With his singular ability to work out a future chess game about his art, he laid out clues and created connections between his own artworks, in which the superficially provocative works are part of the same whole as The Large Glass and Étant donnés. Using a Rembrandt for an ironing board was more than an iconoclastic manoeuvre; as Olle Granath as pointed out, the French word for ironing clothes is repasser – to reuse, recreate. Duchamp was always looking for art within art, that which can be glimpsed behind and underneath all the historic layers, moulds and prescribed interpretations.
For decades, Marcel Duchamp put a lot of effort into assembling his oeuvre in boxes – collections of meticulously made replicas of his own works. He called them “portable museums”. Even though he wasn’t interested in exhibiting in galleries and museums, he thought it worth the effort to compile his artistic estate into a convenient whole – as if waiting for a select few interpreters to carry on the handover.
The first time I heard Ulf Linde talk about his mathematical studies of Duchamp was in 1995, when I visited him together with the Russian artist Yuri Leiderman. It was on that occasion that Ulf Linde delivered the classic line: “I don’t believe in ideas, I only believe in facts.”
It has taken time to understand that Duchamp really was as exact, as complex and as open as Ulf Linde shows him to be. These days, mathematics and art are usually irreconcilable quantities. They weren’t for Duchamp, and not for Linde either.
What distinguishes Ulf Linde from other Duchamp specialists is that he has concentrated, with the tenacity of the religious convert, on the only thing, on the only thing that Marcel Duchamp himself left to posterity: his artworks, his artistic testament.

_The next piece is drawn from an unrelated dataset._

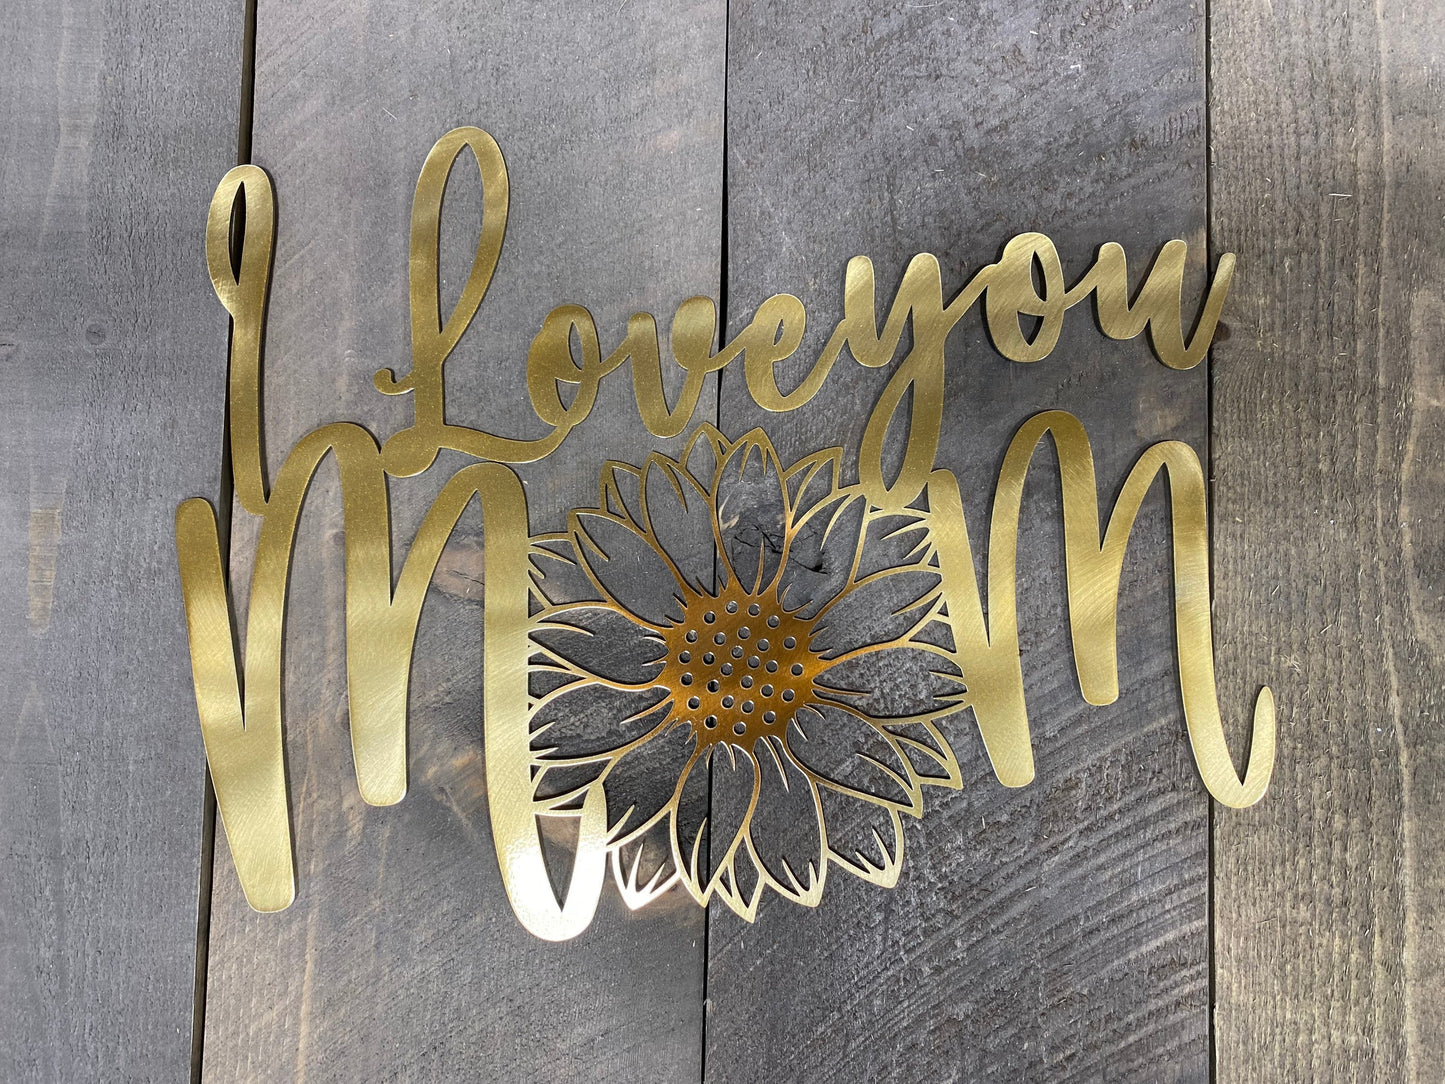 I Love You Mom Sunflower Metal wall art, sunflower home decor, she shed decor, sunflower accent, mom metal wall hanging, gifts for mom
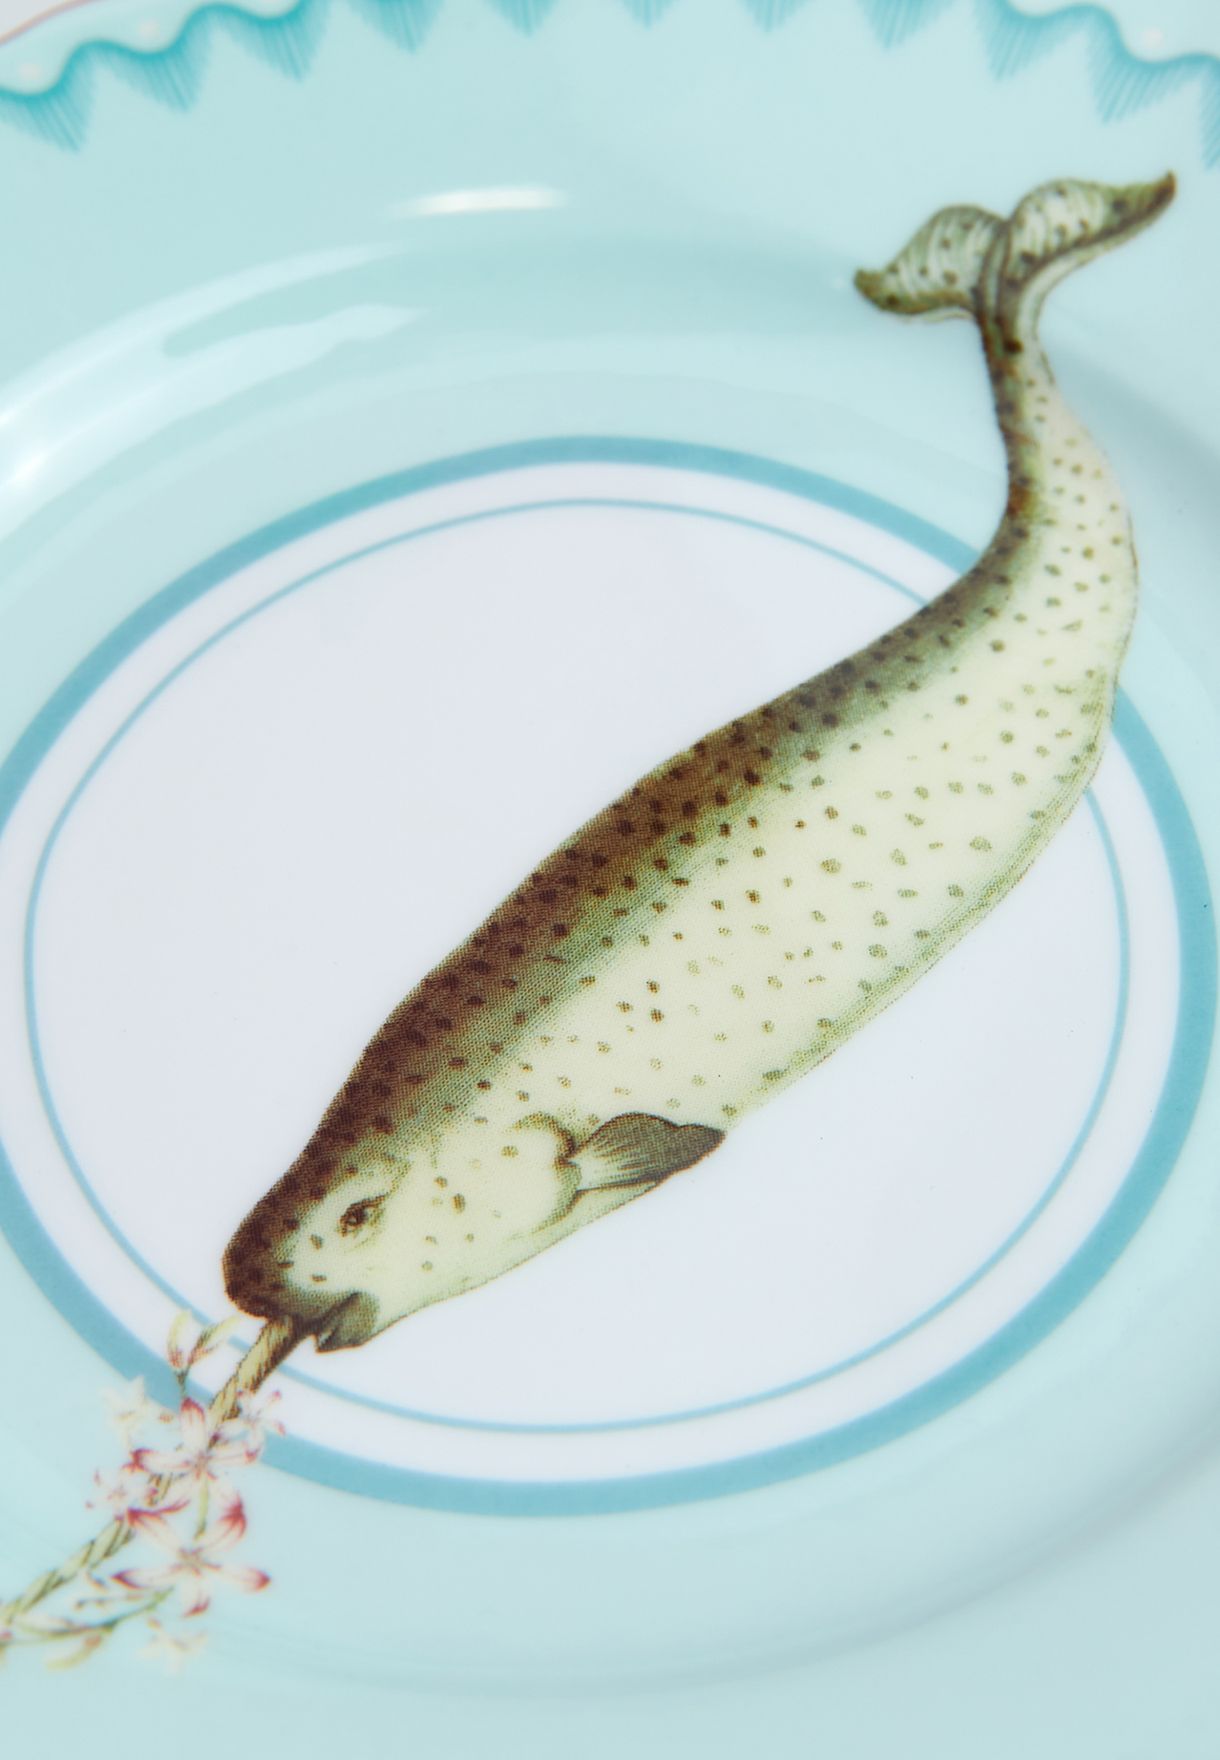 Narwhal Cake Plate

On Marcel Duchamp’s own recommendation, Ulf Linde has approached the works as a collective whole. It isn’t enough just to see and interpret if one wants to get truly close to the thought and the work. Hence all the replicas. Recreating an extant work of art requires the same “dryness” of attitude and method that Duchamp himself strived for. It really isn’t that strange that it has taken 60 years.
Ulf Linde therefore takes liberties – as in the replica of Étant donnés – that extend even beyond Duchamp’s own “directions”. Ulf Linde has realised that an artist who allowed himself complete freedom in relation to art would hardly have created rules and regulations for his last work (the instructions stipulate that only the technical staff be allowed to see how the work is constructed) without leaving something to be discovered. Joseph Brodsky gave him the key – Duchamp’s own notes for the installation of the work in Philadelphia. An exact replica at a scale of 1:10 could be made without Linde even having to get on the plane to America.
As the opening of De ou par Marcel Duchamp par Ulf Linde approached, one of Marcel Duchamp’s lesser known works cropped up more and more often in conversation. As a wedding present in 1919, Duchamp’s sister Suzanne received instructions for setting up an “unhappy ready-made”. She was instructed to tear off the covers of a school textbook in geometry and mount the bared contents on her balcony in Rue Condamine in Paris. According to the instructions, the book was to be mounted in such a way that it was exposed to the elements: rain and sun to make the print fade, and the wind to tear away page after page. Mathematical exactitude ultimately dissolved into a poetic nothing: “there is no art, only artists”.